Problem statement: Take the lines below between the one holding "Les Enseignes Casino" and the one holding "Vitauthority Weight Loss", inclusive, and copy them exactly. Add nothing.

Material for the task:
#####

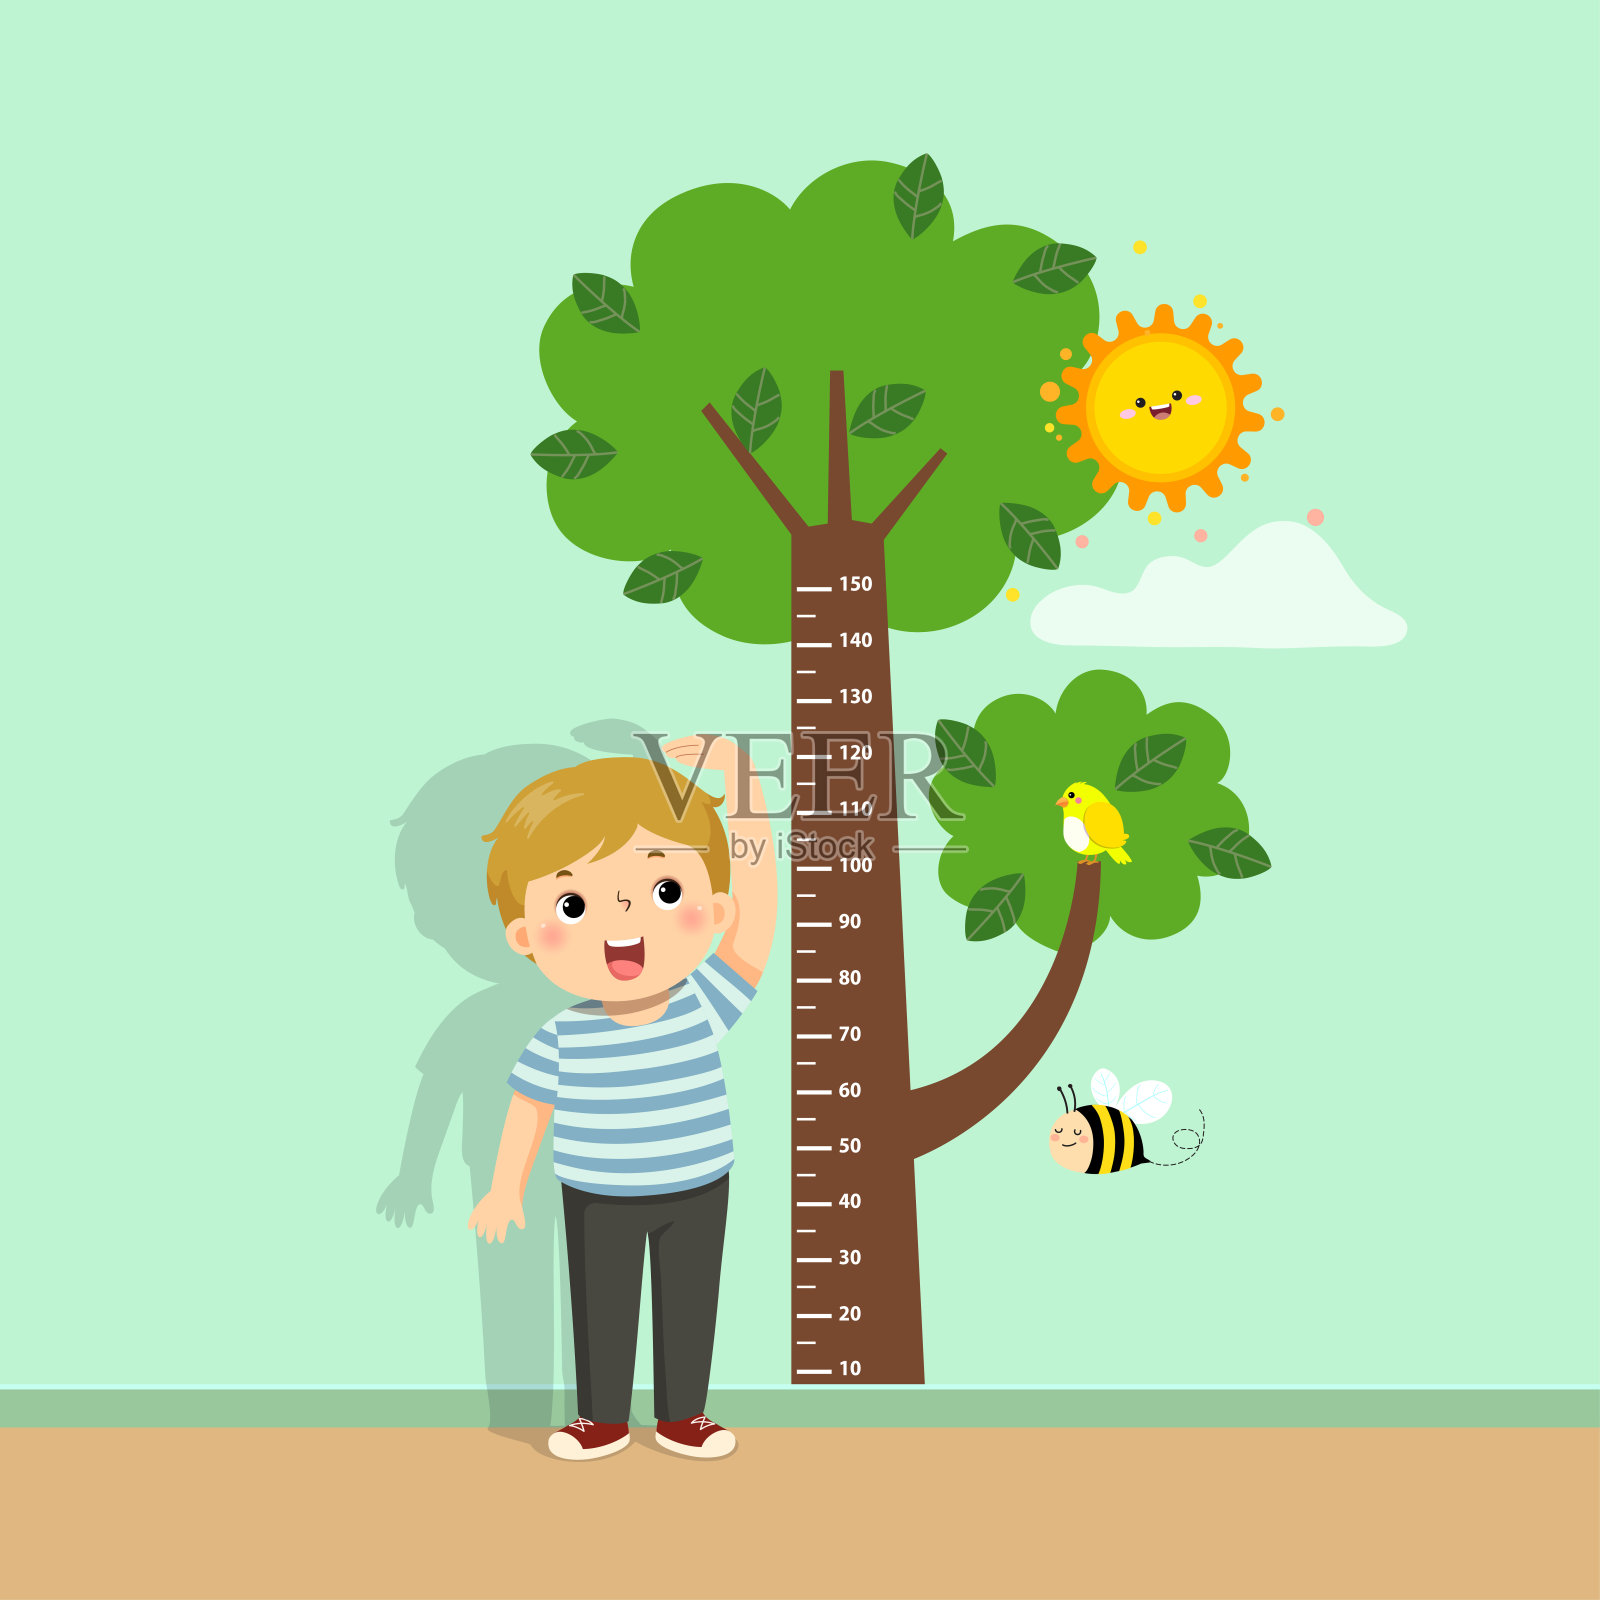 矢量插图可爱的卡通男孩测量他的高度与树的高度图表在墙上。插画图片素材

#####

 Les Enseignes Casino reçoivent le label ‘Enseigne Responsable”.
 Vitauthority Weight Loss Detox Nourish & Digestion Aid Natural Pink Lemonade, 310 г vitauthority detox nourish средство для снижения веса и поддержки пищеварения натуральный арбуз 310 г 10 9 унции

#####

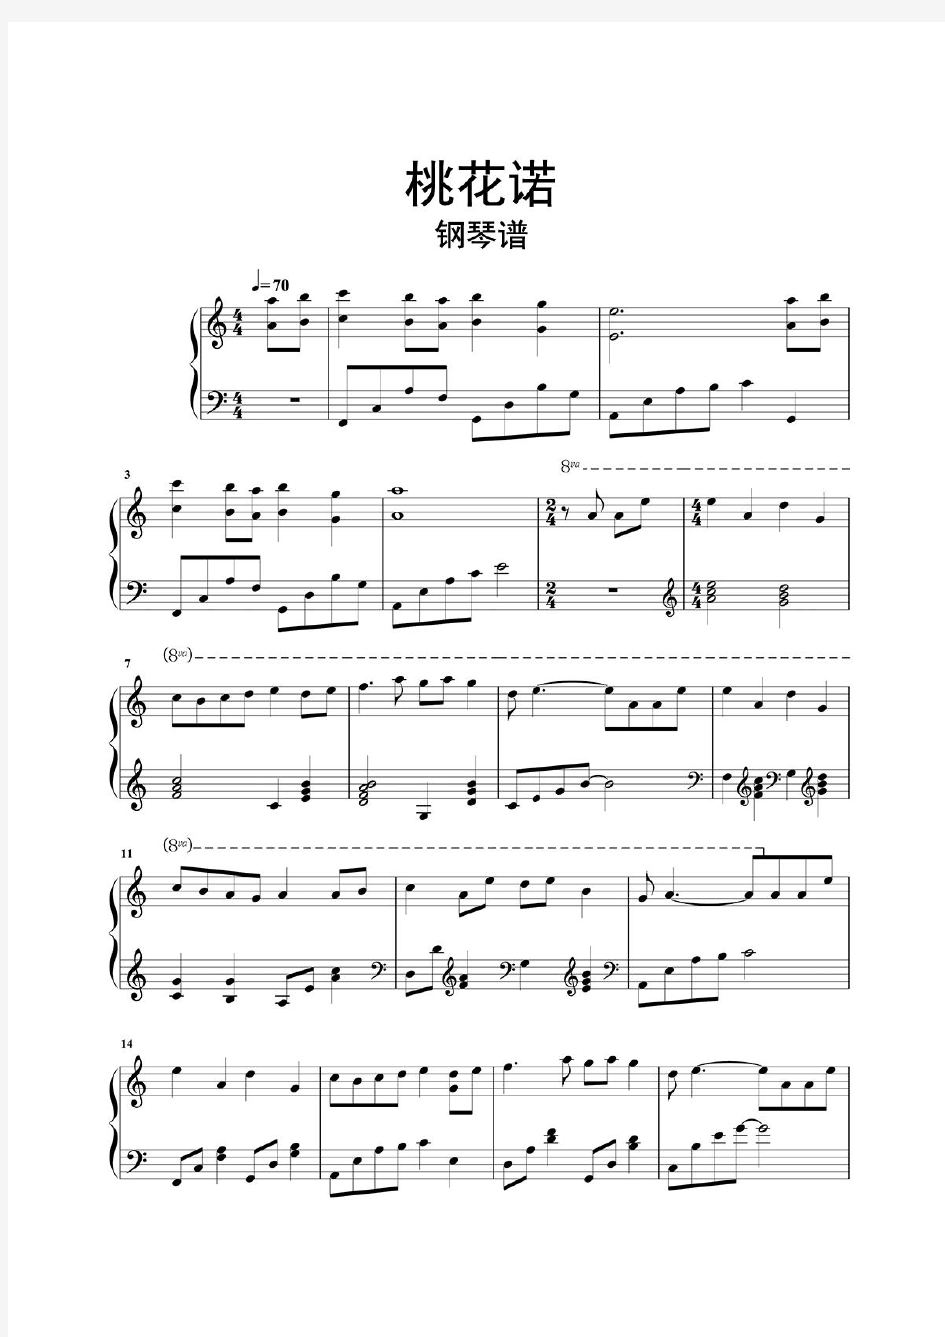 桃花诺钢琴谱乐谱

#####

Answer section:
 Les Enseignes Casino reçoivent le label ‘Enseigne Responsable”.
 Vitauthority Weight Loss Detox Nourish & Digestion Aid Natural Pink Lemonade, 310 г vitauthority detox nourish средство для снижения веса и поддержки пищеварения натуральный арбуз 310 г 10 9 унции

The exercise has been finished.